U.S. District Court Judge Myron Thompson of Alabama has an op-ed in the New York Times, Sentencing and Sensibility on the recent Booker and FanFan decisions.
... amid the confusion that will undoubtedly follow this decision, we should keep in mind one basic principle: neither consistency nor codification guarantees justice. While few if any are calling for a return to the practically unfettered discretion that judges had before the sentencing guidelines came into effect, the nuances of individual cases necessitate a certain fluidity in imposing punishment. Congress should seek to shape judicial discretion, not to lock it in a vise.
A sentencing scheme that provides different punishments for offenders with similar backgrounds who are convicted of similar crimes under similar circumstances is clearly unjust. Yet so is one that provides comparable punishments for offenders with different backgrounds who are convicted of similar crimes under different circumstances.
Ultimately, it is the trial judge who is in the best position to distinguish between these two sets of circumstances, although Congress's guidance is critical in ensuring that one standard of justice exists throughout the federal court system.

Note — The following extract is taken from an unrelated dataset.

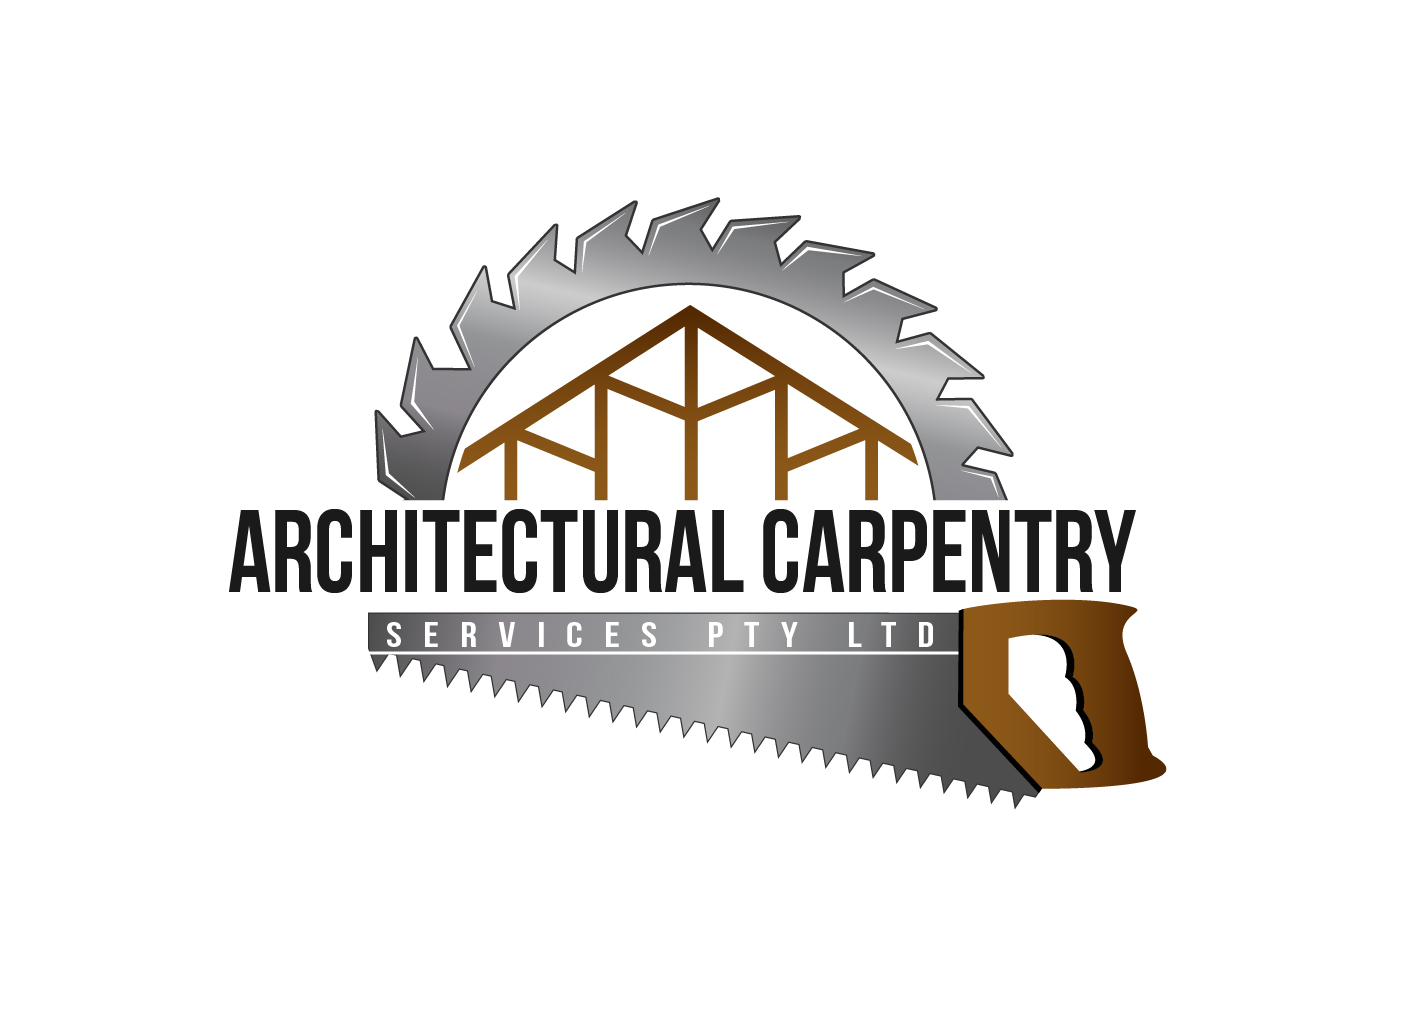 Logo Design for Architectural carpentry services pty ltd ...

It is the judge who can appreciate the full complexity of the offender and his crime, and no prescriptive set of laws can appreciate the subtleties in determining the punishment that justice demands. If the 600-plus pages of the most recent set of sentencing guidelines have taught us anything, it is that punishment cannot be reduced to an algorithm.
Congress should avoid quick fixes that will cement the federal sentencing system as one that is synonymous with a " harsh and unforgiving legal system."
CrimProf Blog informs that the ABA is holding a teleconference on Booker and FanFan next week. Ed Lazarus in Findlaw has an op-ed taking the postition that the decisions will have a "limited practical effect."
Law Prof Doug Berman of Sentencing Law and Policy examines whether the decisions affect the Feeney Amendment's mandatory sentences for child and sex offenses.